TIL infiltration remains strongly predictive of survival across TCGA BRCA and UNC CBCS. (a) Forest plots of hazard ratios (estimates and 95% CIs) from a multivariate Cox proportional hazards model of progression-free interval (PFI) incorporating PAM50 subtype and tumor stage. Vertical dotted line indicates a hazard ratio of 1. TIL infiltrate percentage ranges from 0% to 64.2% with SD of 10.4%. TIL infiltrate percentage is scaled by SD for all Cox Regression Analyses. (b) Kaplan–Meier survival analyses of TCGA BRCA patients after splitting into high and low TIL classes around the mean percent infiltration. (c) Forest plot of hazard ratios from a multivariate Cox proportional hazards model of PFI in the UNC CBCS including PAM50 subtype and tumor stage.
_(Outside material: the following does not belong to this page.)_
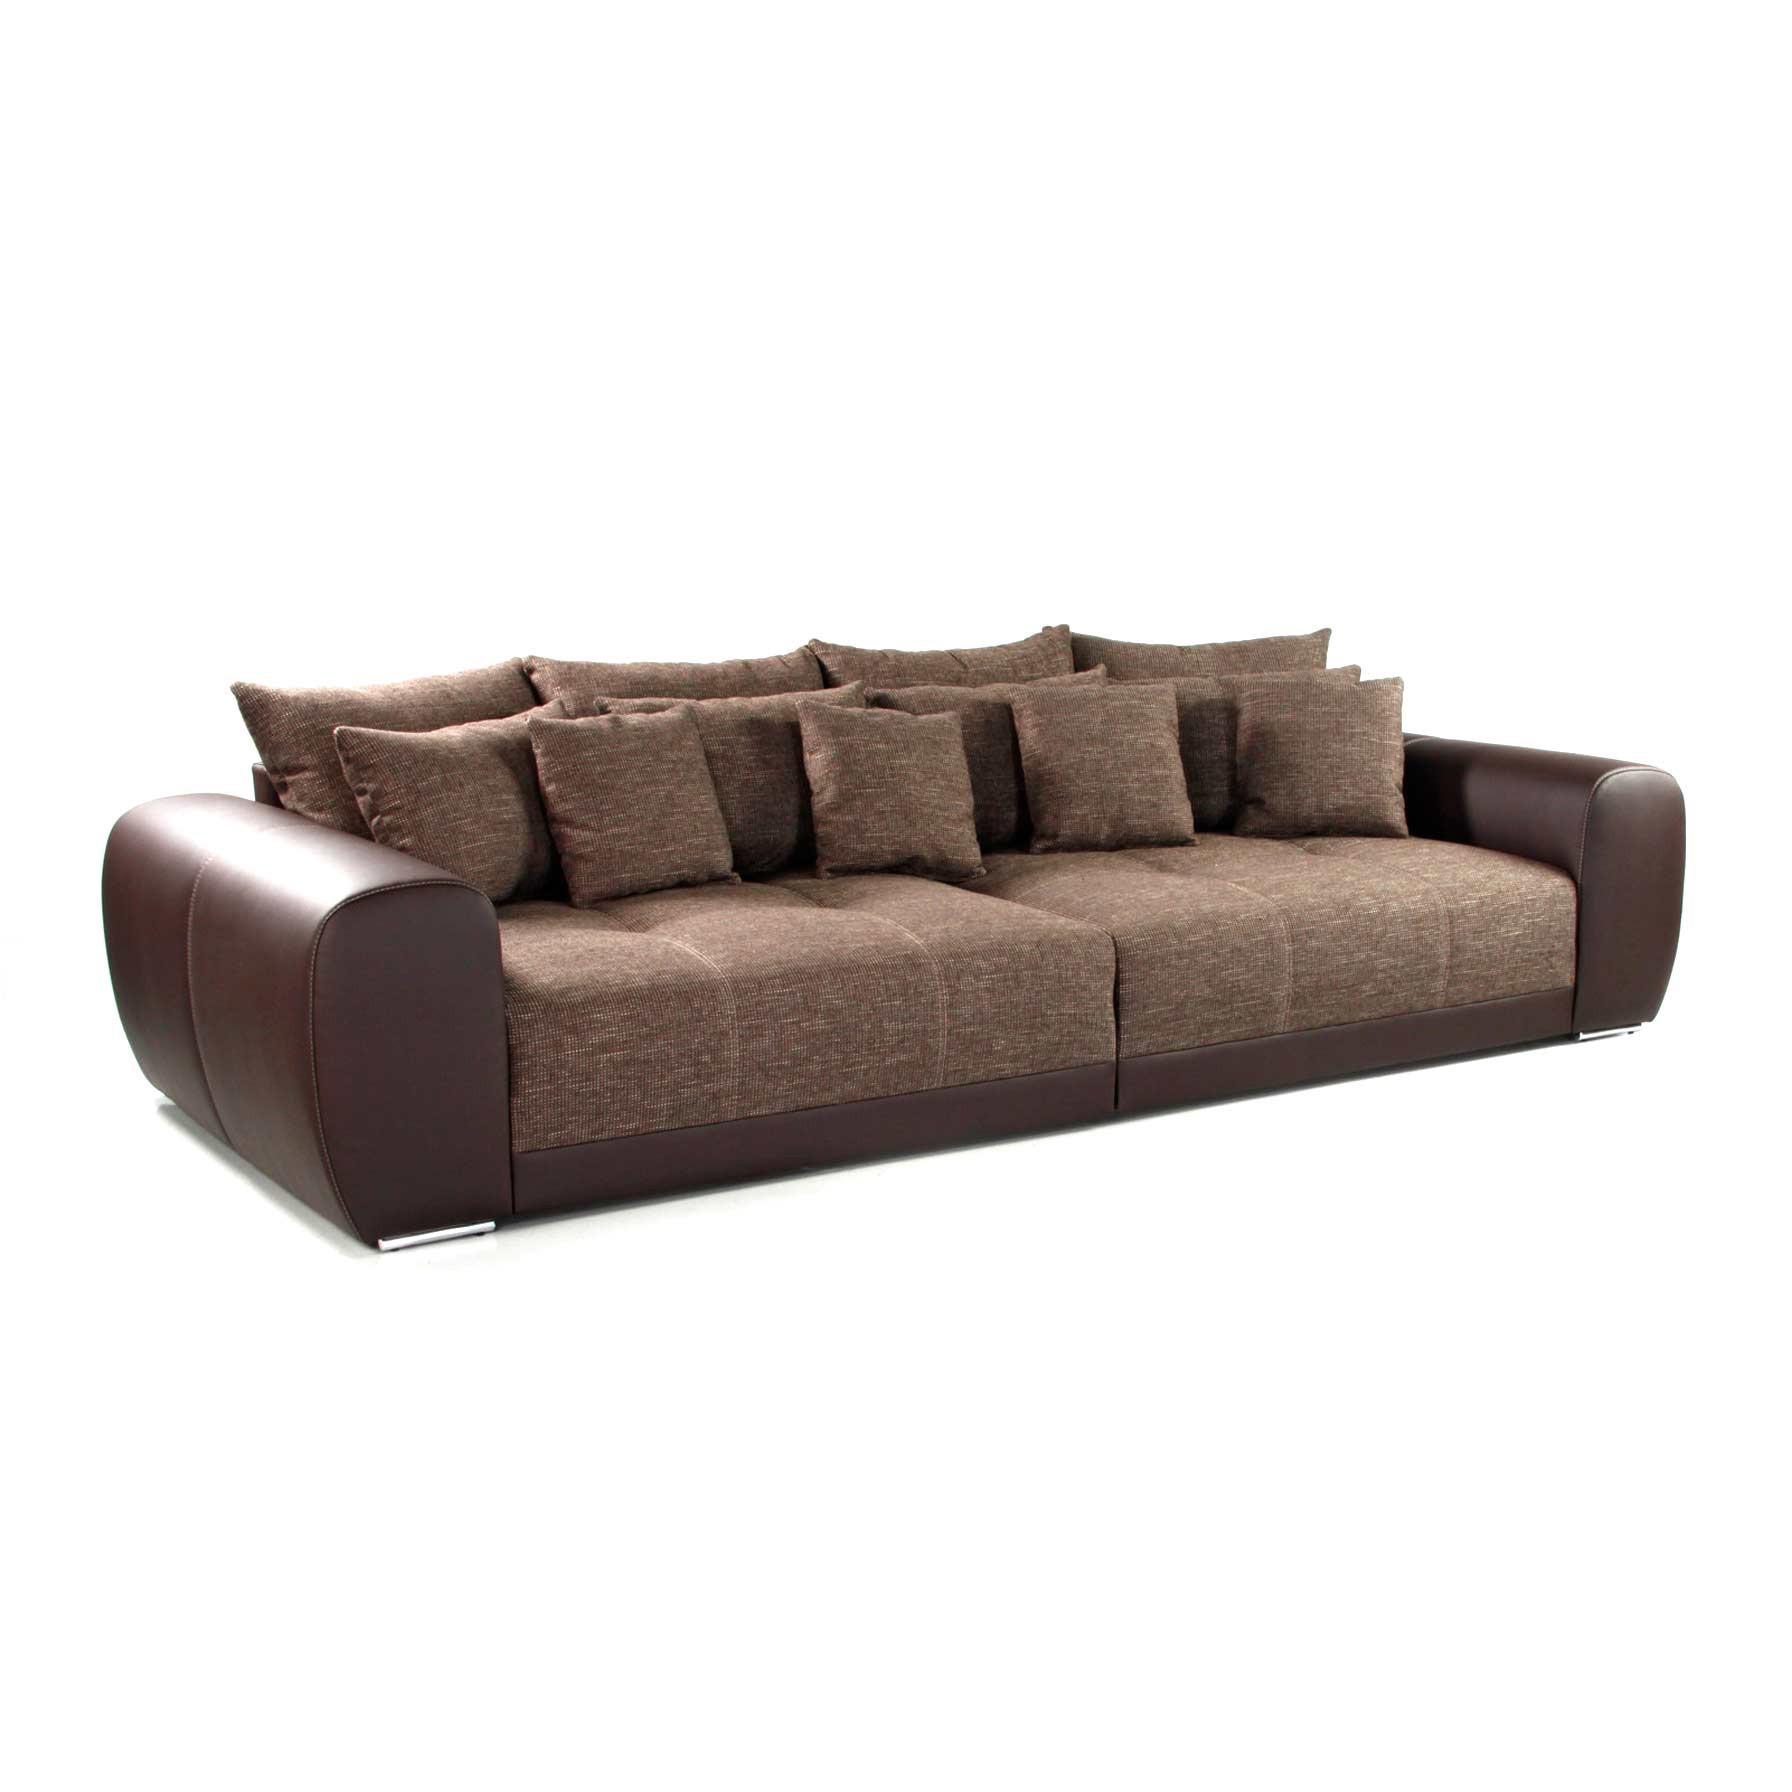 Big Sofa Serena Webstoff Bigsofas Online Kaufen Mobel Suchmaschine

TIL infiltration was calculated as a continuous variable with a range of 0% to 88.9% and scaled by SD (0.1), AIC: 2121.57. The dotted line indicates a hazard ratio of 1. The Concordance Index shows how much variance of risk is explained by the model, where 1 encapsulates all risk whereas 0.5 is random. (d) Kaplan–Meier survival analyses after dividing UNC CBCS patients into high and low TIL infiltration groups around the mean TIL infiltrate percentage. *** = p < 0.001, ** = p < 0.05, * = p < 0.01.

Figure 6

The presence of two or more ‘high-risk’ spatial features provides independent prognostic information. High-risk feature scores include low intratumoral TILs (scores of 0 or 1), absence of TIL forests (0), presence of immune cold TIL deserts (1), and low peritumoral TIL scores (0 or 1). (a,b) Forest plots of hazard ratios (estimates and 95% CIs) from a univariate Cox proportional hazards model of progression-free interval (PFI) comparing cases with two or more high-risk features (2+) to those with ≤1, as shown in (a) TCGA and (b) UNC CBCS. (c,d) Forest plots of hazard ratios (estimates and 95% CIs) from a multivariate Cox proportional hazards model of progression-free interval (PFI). The dotted line indicates a hazard ratio of 1, where (c) TCGA and (d) UNC CBCS. *** = p < 0.001, ** = p < 0.05, * = p < 0.01.